Было ровно два часа ночи, когда капитан Занмис ловко подал «Матепан» к деревянной пристани, от которой мы отчалили. Небо было совсем темным и ночь так черна, что трудно было различить, где море, а где суша. По крыше каюты барабанил дождь, но я должен был ехать и вернуться в генеральский дом, основательно посоветоваться с Яблонским и просушить свою одежду. Все остальные мои вещи застряли в «Ла Контессе», и кроме костюма, который был на мне, у меня больше ничего не было. А к утру он должен быть совершенно сухим. Не мог же я рассчитывать на то, что не увижу никого до вечера, как это случилось накануне. Генерал сказал мне, что объяснит мне задачу, которую я должен буду для него выполнить, через 36 часов, и этот срок истекал в восемь часов утра. Правда, команда «Матепана» одолжила мне длинную куртку на меху, чтобы я мог хоть как-нибудь закутаться и защититься от дождя. Я надел ее поверх своего дождевика — она была мне мала, и я чувствовал себя в ней как в смирительной рубашке, — пожал всем руки и, поблагодарив их за все, что они для меня сделали, отправился в путь.

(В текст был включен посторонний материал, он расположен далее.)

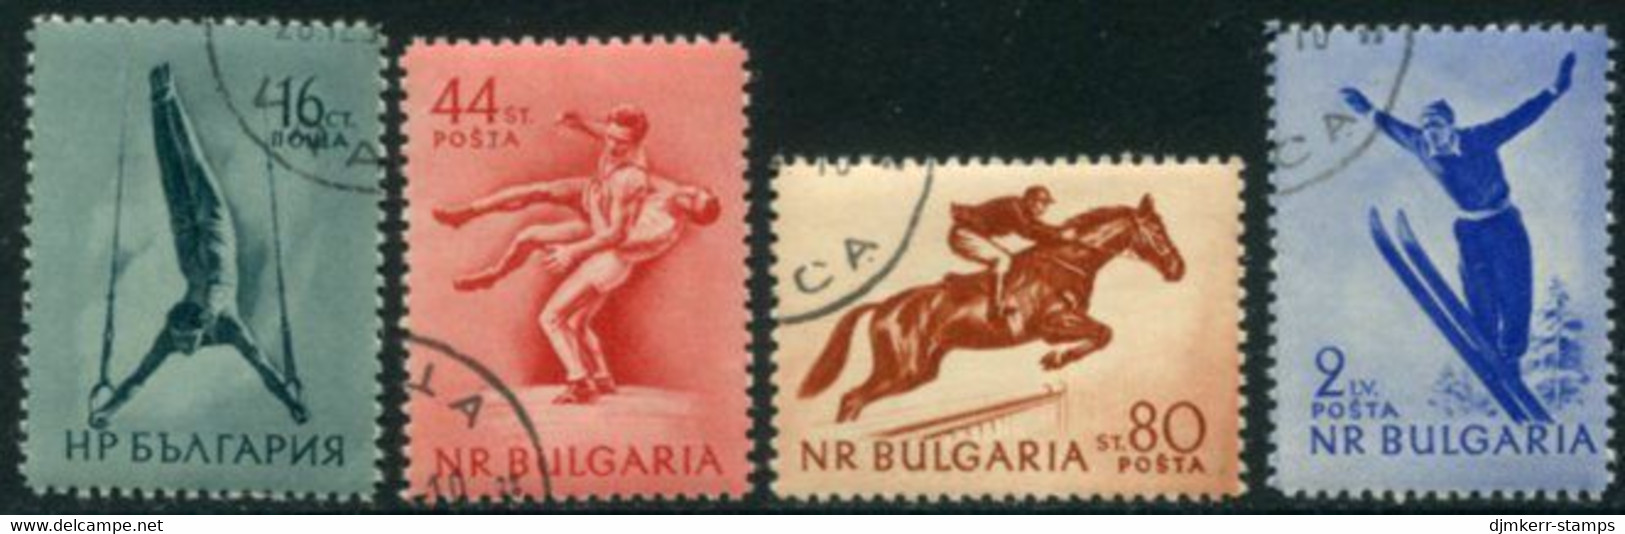 BULGARIA 1954 Sports Used .  Michel 928-31 - Used Stamps
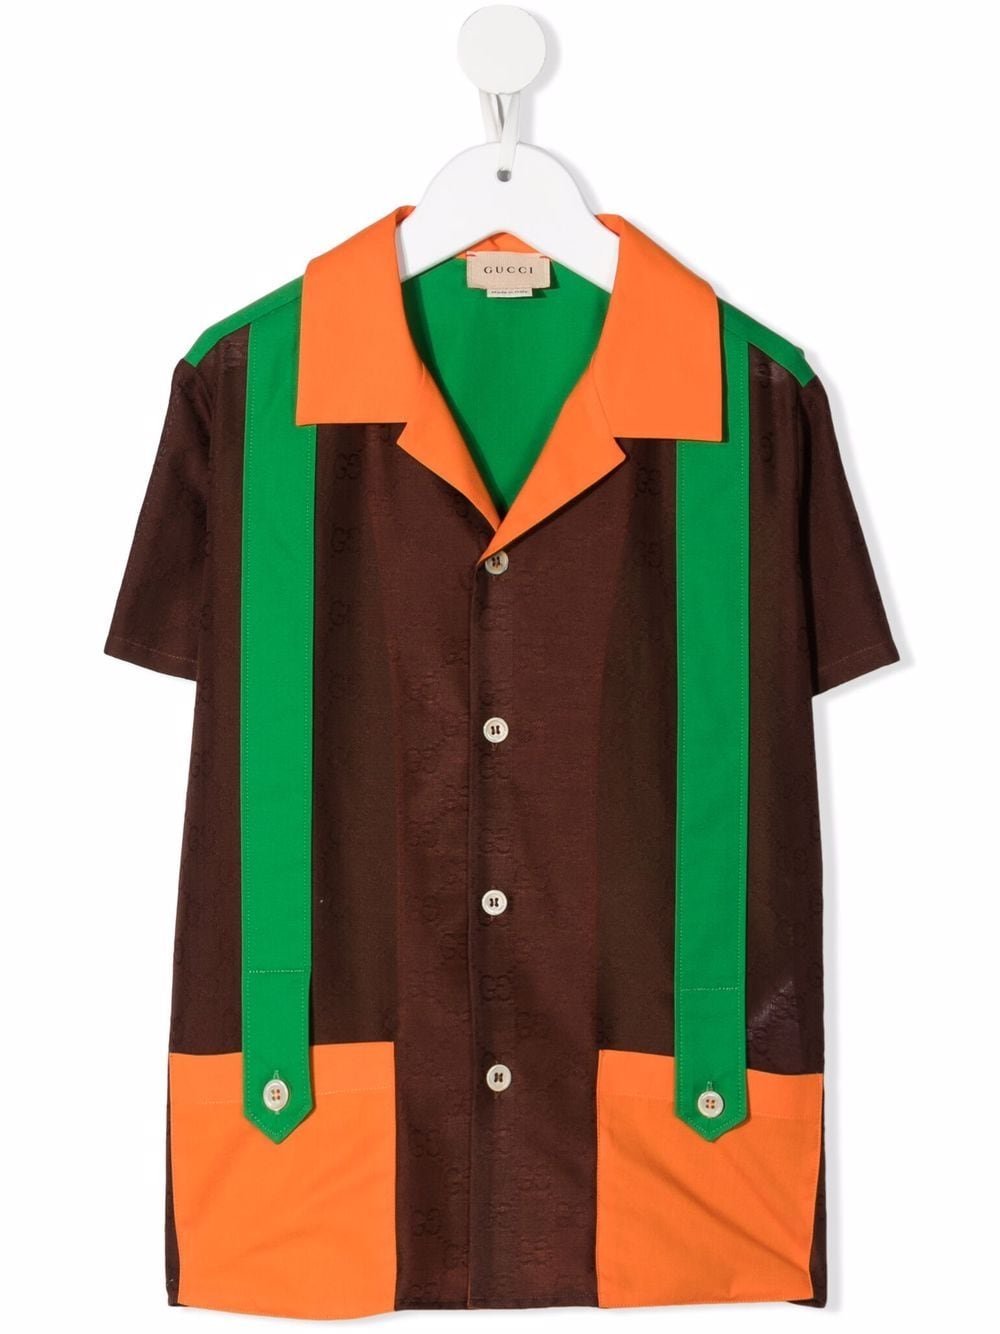 Multicolored shirt for boys

В четверть третьего, сделав лишь краткую остановку у телефонной будки, я остановил машину на том же самом месте, где брал ее, и зашлепал по дороге, ведущей к дому генерала. Пешеходной дорожки тут не было, ибо немногие люди, которые жили в этой уединенной части прибрежной полосы, не нуждались в тротуарах, а придорожные канавы вздулись, как реки, и грязная вода, переливаясь через край, хлюпала у меня под ногами. Интересно, как мне удастся просушить ботинки, чтобы к утру они имели приличный вид?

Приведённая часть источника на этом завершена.